Nvidia's strategy to maintain revenue even from custom chip rivals is to make its interconnect fabric indispensable. Its $2 billion investment in Marvell and the NVLink Fusion platform ensure that even custom chips designed for Amazon, Google, Microsoft, and Meta can be integrated into Nvidia's rack-scale infrastructure, generating Nvidia revenue through platform licensing and networking components regardless of whose silicon does the computing. Trainium4's NVLink Fusion compatibility illustrates the point: Amazon is building an alternative to Nvidia's GPUs while simultaneously integrating with Nvidia's interconnects. The AI chip market is not consolidating around a single winner. It is fragmenting into an ecosystem where every participant both competes with and depends on every other participant, and the deals are so large that even direct rivals cannot afford not to trade with each other.
The logic
Meta's capital expenditure guidance for 2026 is $115 billion to $135 billion, nearly double the $72 billion it spent in 2025, which was itself a record. The company is building Prometheus, a one-gigawatt supercluster in Ohio housing over 1.3 million GPUs, and has announced Hyperion, a facility described as nearly the size of Manhattan. It created Meta Superintelligence Labs to develop frontier models and Meta Compute to manage the data centre buildout, with plans to add tens of gigawatts of capacity this decade. Mark Zuckerberg committed $600 billion to US infrastructure through 2028. These are not projections from an analyst's model. They are announced commitments from the company's chief executive, denominated in amounts that would rank among the largest infrastructure programmes in history.

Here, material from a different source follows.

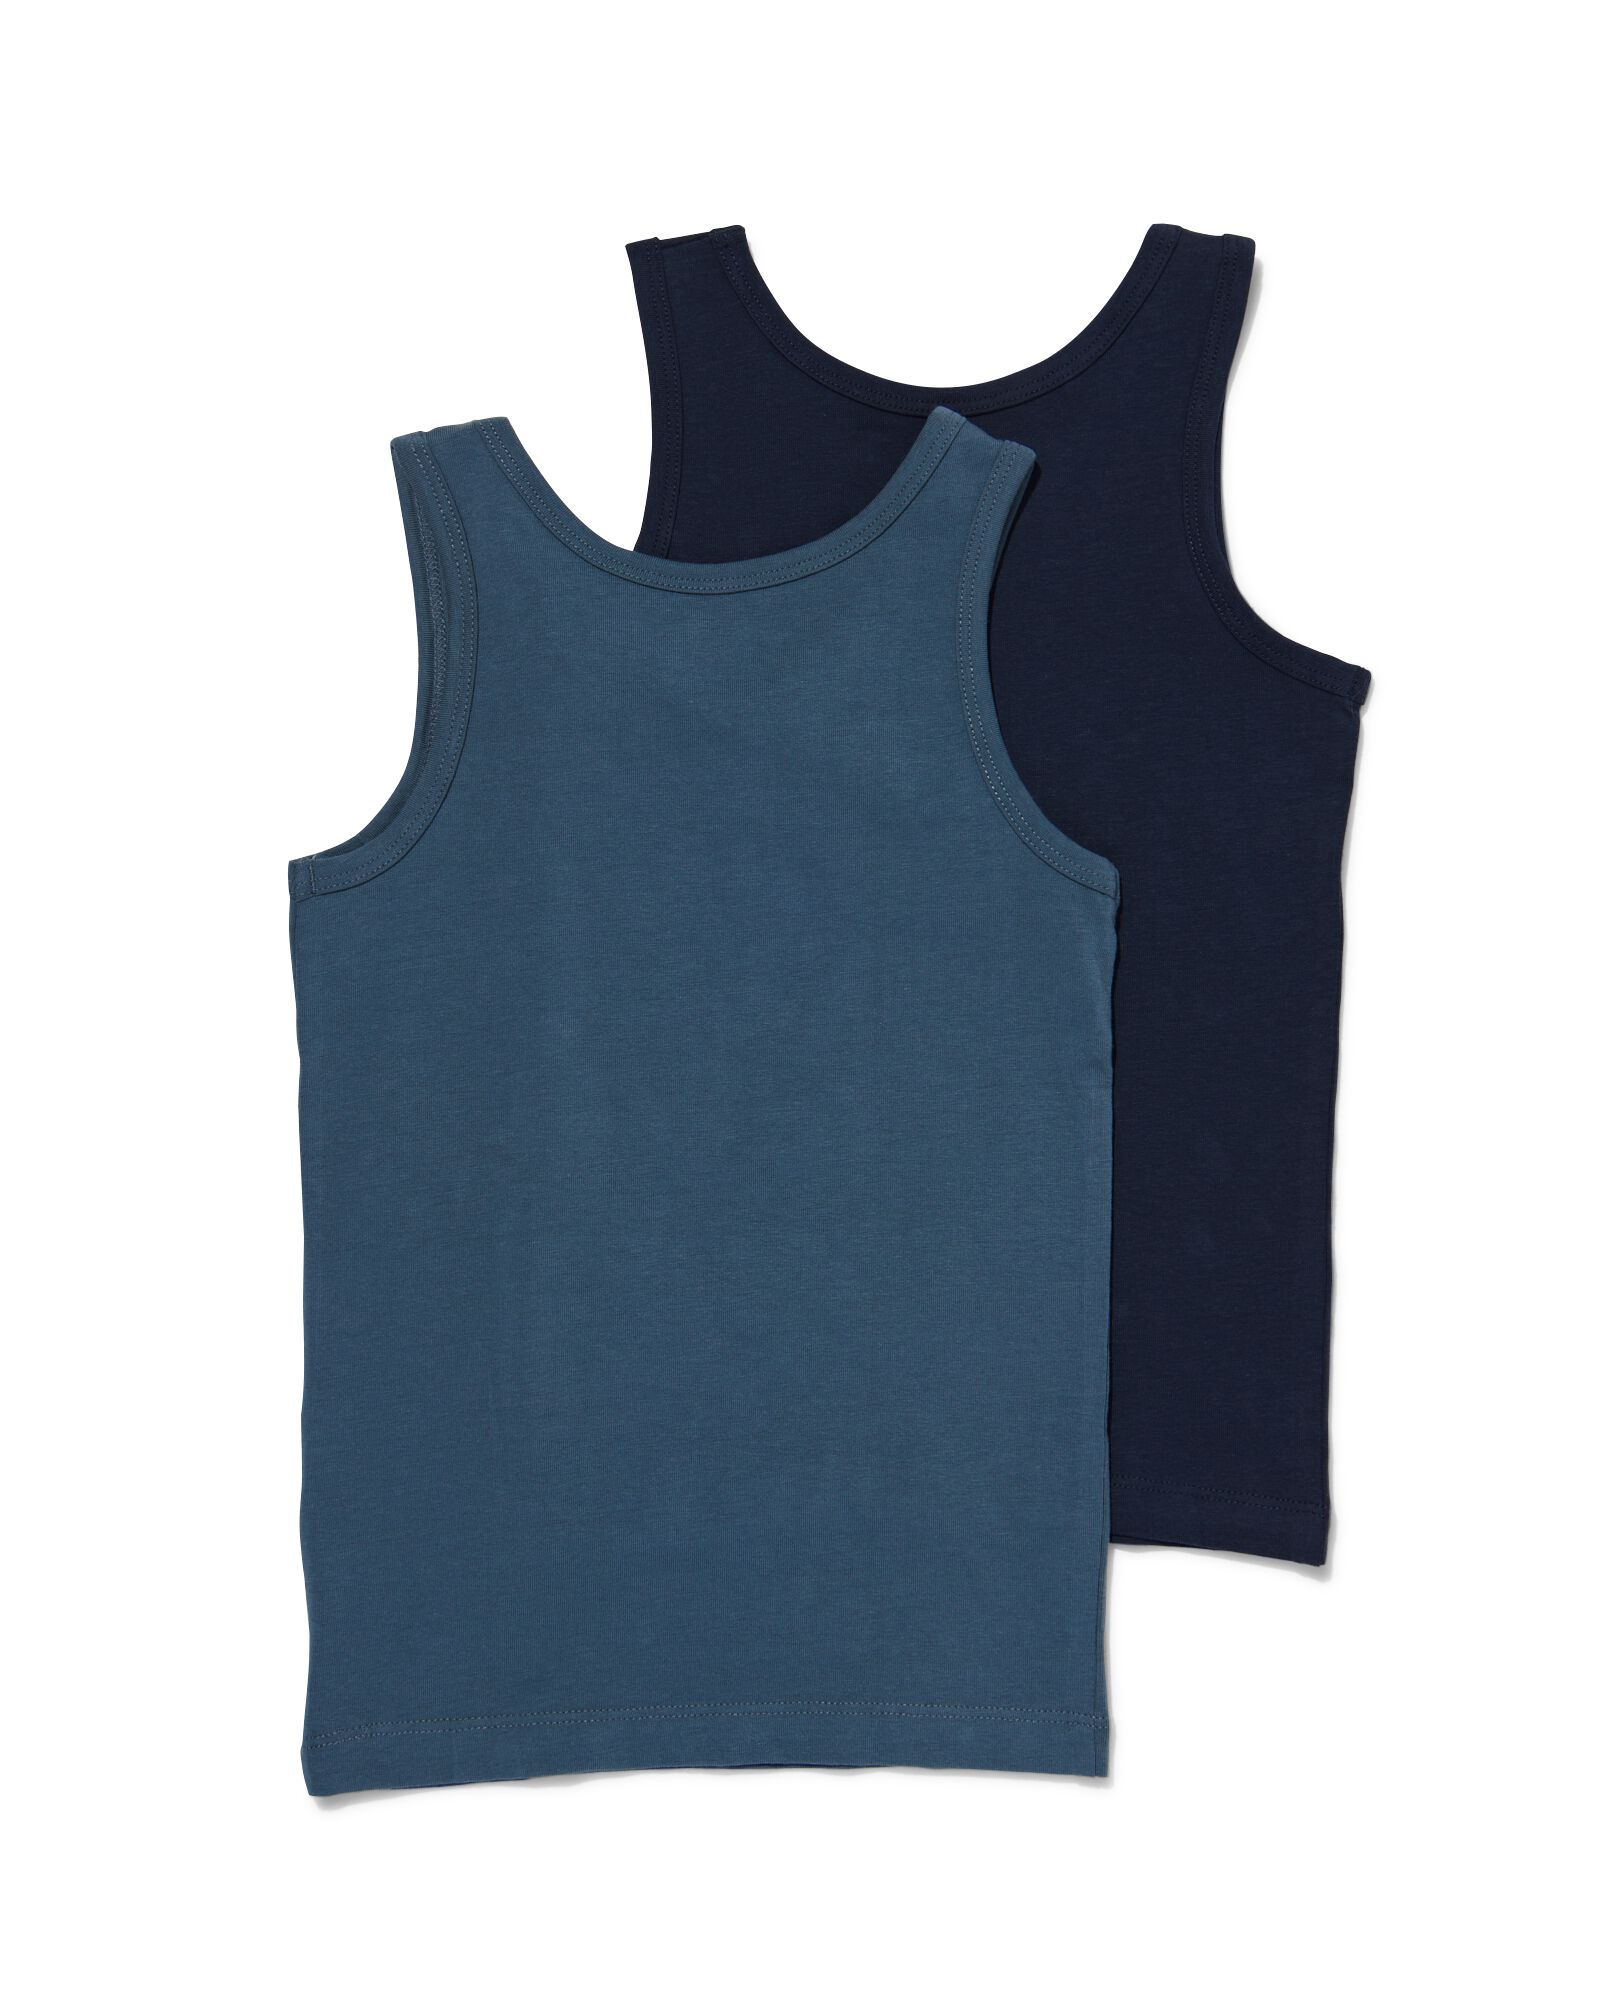 2er-Pack Kinder-Hemden dunkelblau 146/152 - 19280726 - HEMA

The Graviton deal makes sense only in the context of those numbers. Meta is not renting AWS capacity because it lacks the ability to build its own. It is renting AWS capacity because even $135 billion in annual capital expenditure, even its own chip programme, even $50 billion in Nvidia hardware and $60 billion in AMD hardware and $35 billion in CoreWeave cloud and $27 billion in Nebius infrastructure, is not enough. The demand that Meta's AI roadmap generates, for training frontier models, for running inference at the scale of three billion daily active users, for deploying agentic AI across WhatsApp, Instagram, Facebook, and a new generation of products that do not yet exist, exceeds what any single supply chain can deliver. So Meta buys from everyone. It buys from its GPU suppliers. It buys from its cloud competitors. It builds its own chips. It rents from startups. And it signs a multibillion-dollar contract with Amazon for general-purpose CPUs, because the future it has committed to building requires more compute than currently exists on earth, and the only strategy left is to buy it from wherever it can be found.